Diffuse large B-cell lymphoma (DLBCL) accounts for approximately one-third of adult non-Hodgkin lymphomas (NHLs) diagnosed annually. Secondary central nervous system (CNS) involvement is a complication that occurs in approximately 5% of patients with DLBCL. Most cases of secondary CNS involvement, often termed CNS relapse, occur within the first year after the diagnosis of systemic disease, and patients have a median survival of only a few months.[2-4] Examples of such dismal outcomes are demonstrated by the RICOVER-60 trial, in which the median survival after CNS relapse was just 2.5 months, and approximately one-third of the 58 patients who developed CNS relapse did so after achieving a complete remission. In a 20-year follow-up analysis, the Southwest Oncology Group found that 25 patients experienced CNS relapse, all of which occurred within 2 years of diagnosis (median, 5.4 months), with a median survival of only 2.2 months after CNS relapse. In contrast to highly aggressive NHLs such as Burkitt lymphoma and lymphoblastic lymphoma, where the rate of CNS relapse exceeds 30%, CNS relapse prophylaxis is not routinely incorporated into treatment for most patients with DLBCL because of the infrequent occurrence of this complication. While prophylaxis may reduce the risk of CNS relapse in DLBCL patients, it also exposes them to the drug-related toxicities and procedural risks associated with systemic or intrathecal (IT) chemotherapy.

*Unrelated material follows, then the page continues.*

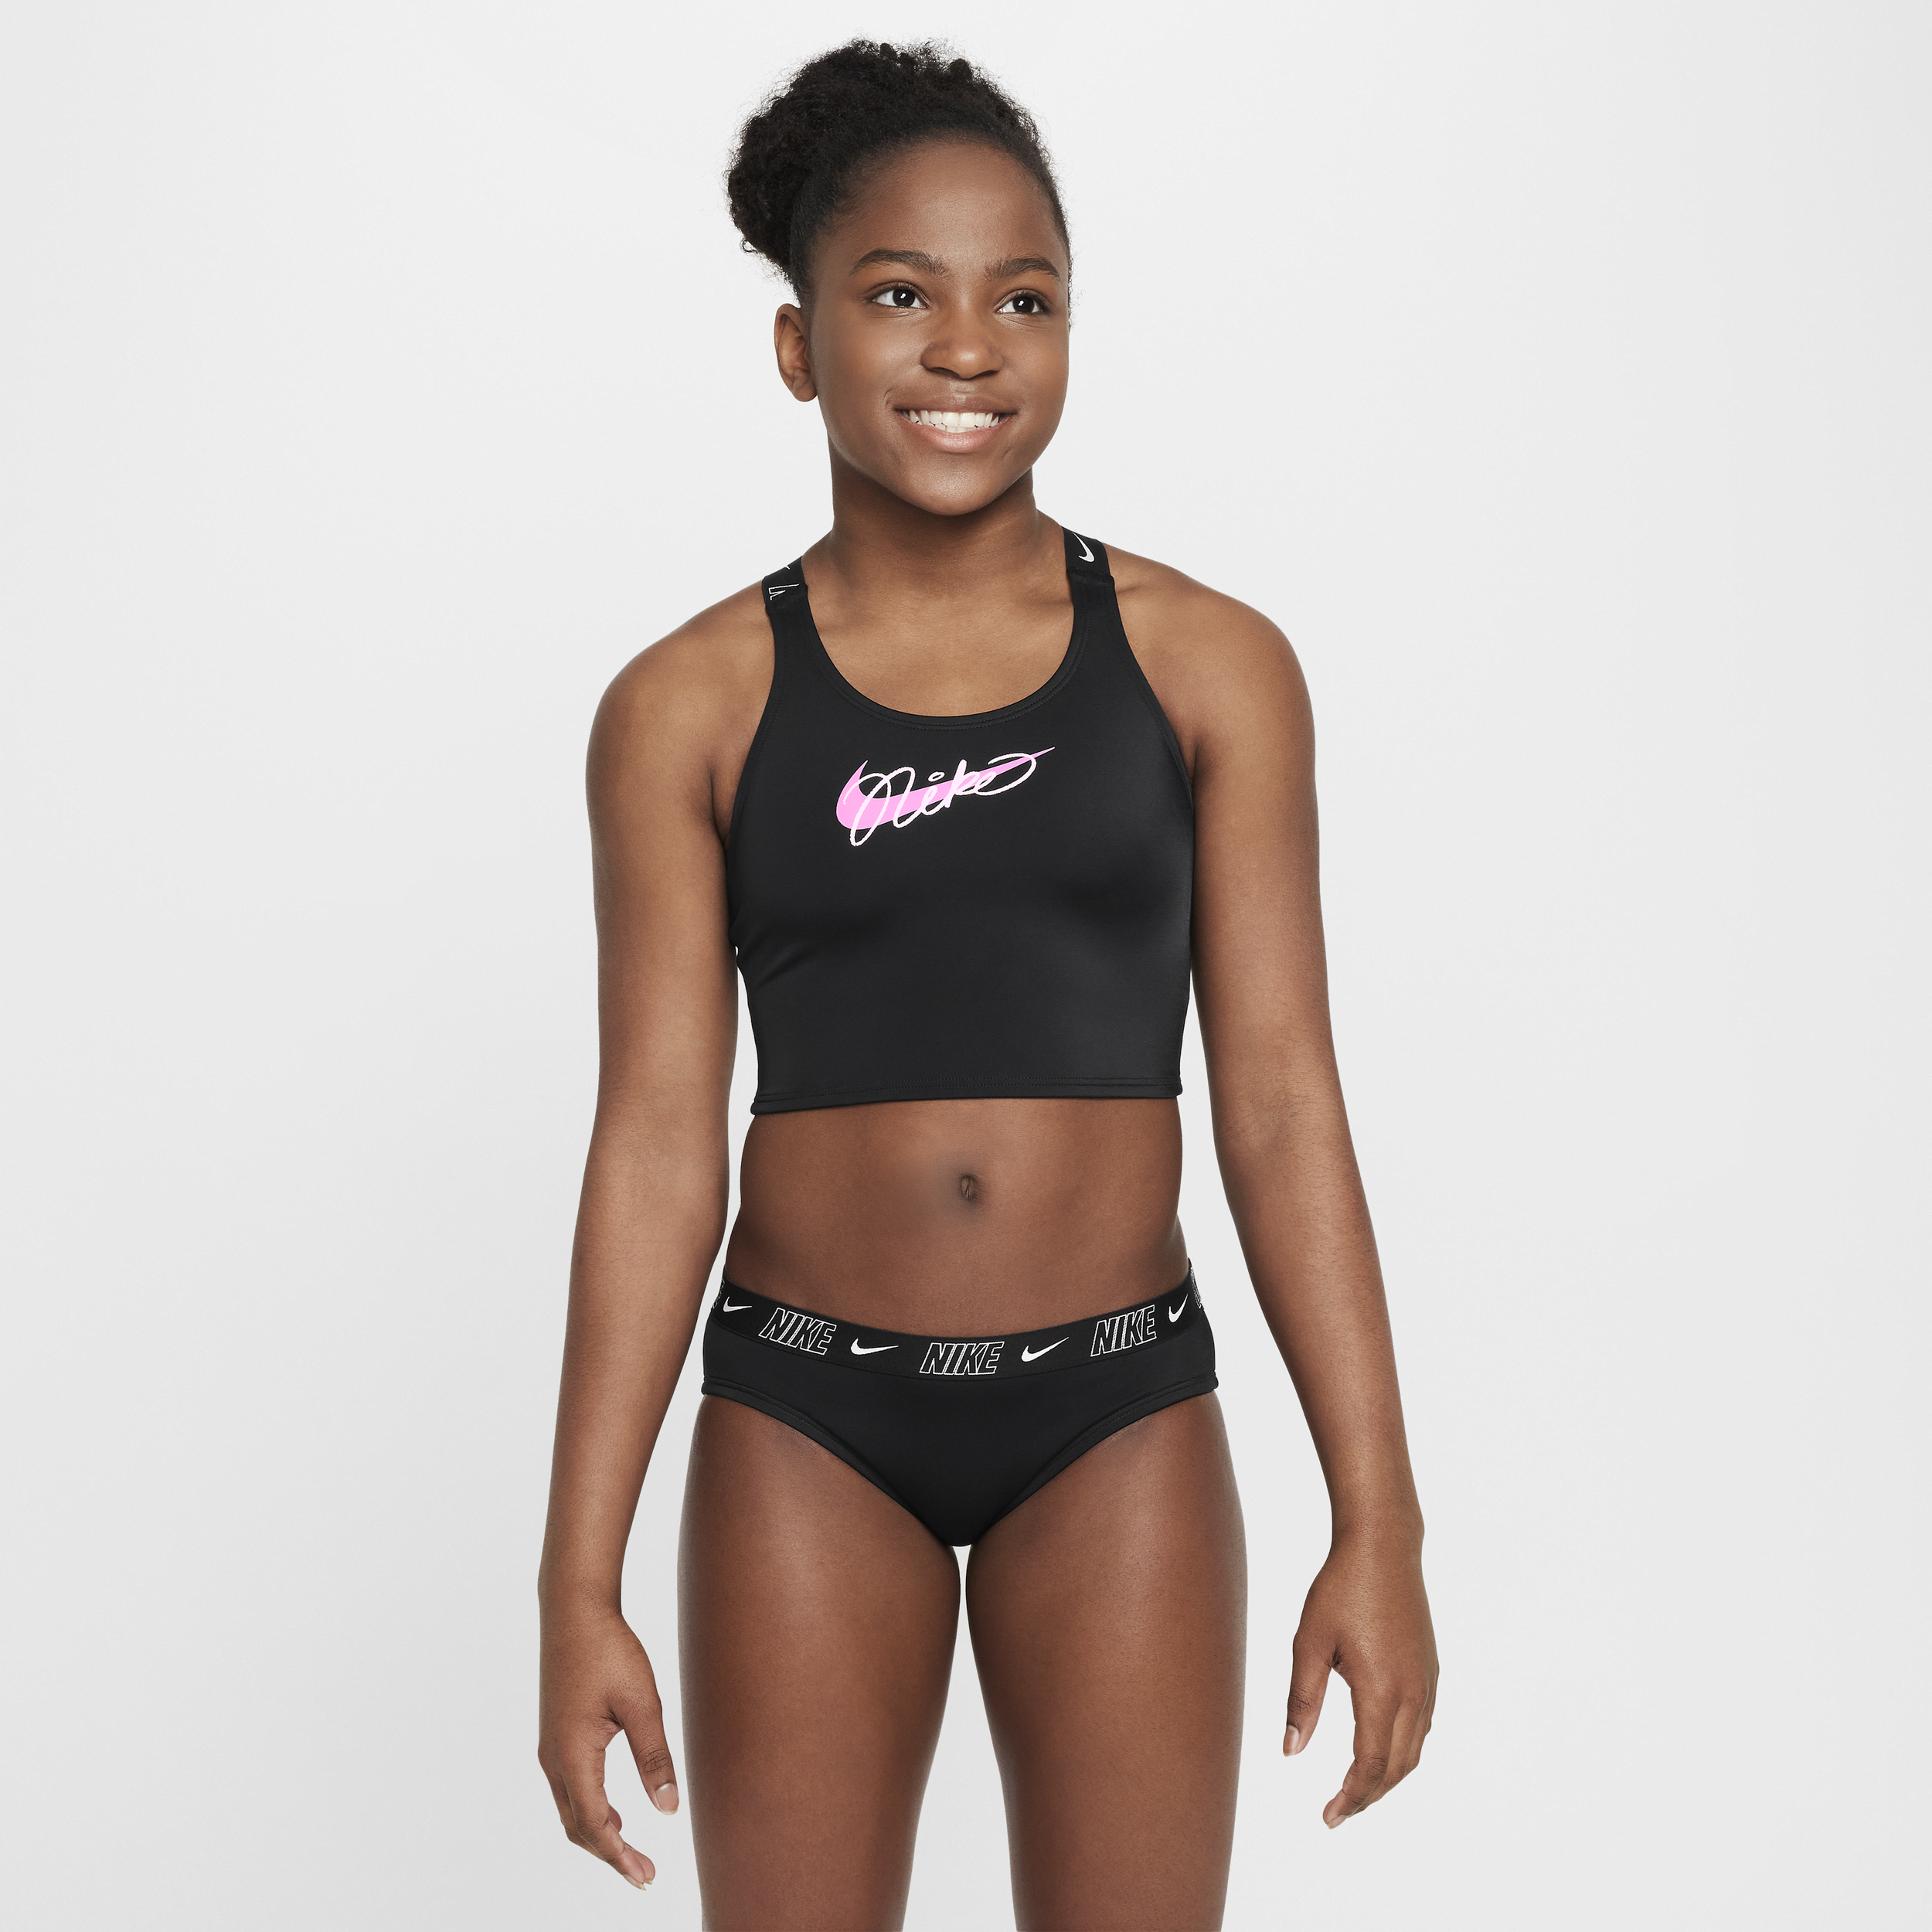 Nike Swim midkiniset met gekruiste bandjes voor meisjes Zwart

Determining which patients may benefit the most from prophylaxis and which methods of prophylaxis are most beneficial remain the most prominent issues to be settled.
Defining High-Risk Patients
Prognostic models for CNS relapse
Defining which patients are high risk has proven to be a difficult task. Hollender et al developed a prognostic model consisting of extranodal sites > 1, albumin level < 3.5 mg/dL, age > 60 years, elevated lactate dehydrogenase (LDH) level, and retroperitoneal lymph node involvement, based on a multivariate analysis from their 2002 retrospective study. Of 1,220 patients with high-grade NHL, 52 (4.3%) developed CNS involvement. While not specifying the percentage of patients with DLBCL, patients classified as high risk comprised 12% of the cohort. Of those who subsequently developed CNS relapse, 54% were high risk. Further, high-risk patients had a CNS relapse rate of 25% compared with a relapse rate of 6% in low-risk patients. Notably, 141 patients (11.6%; most with extranodal involvement) received CNS prophylaxis; however, CNS relapse rates in these patients were not explicitly stated. The investigators recommend stratifying patients as low risk (0 to 3 risk factors) or high risk (4 to 5 risk factors) when assessing candidates for CNS prophylaxis. It is important to note that these patients were treated in the pre-rituximab era. There is debate about whether use of rituximab leads to a reduction of CNS relapse risk, since systemic administration of rituximab has poor CNS penetration. It is generally believed that improved systemic disease control with rituximab leads to improved outcomes, but it may not prevent CNS relapse in cases of occult CNS involvement at time of diagnosis.[3,4]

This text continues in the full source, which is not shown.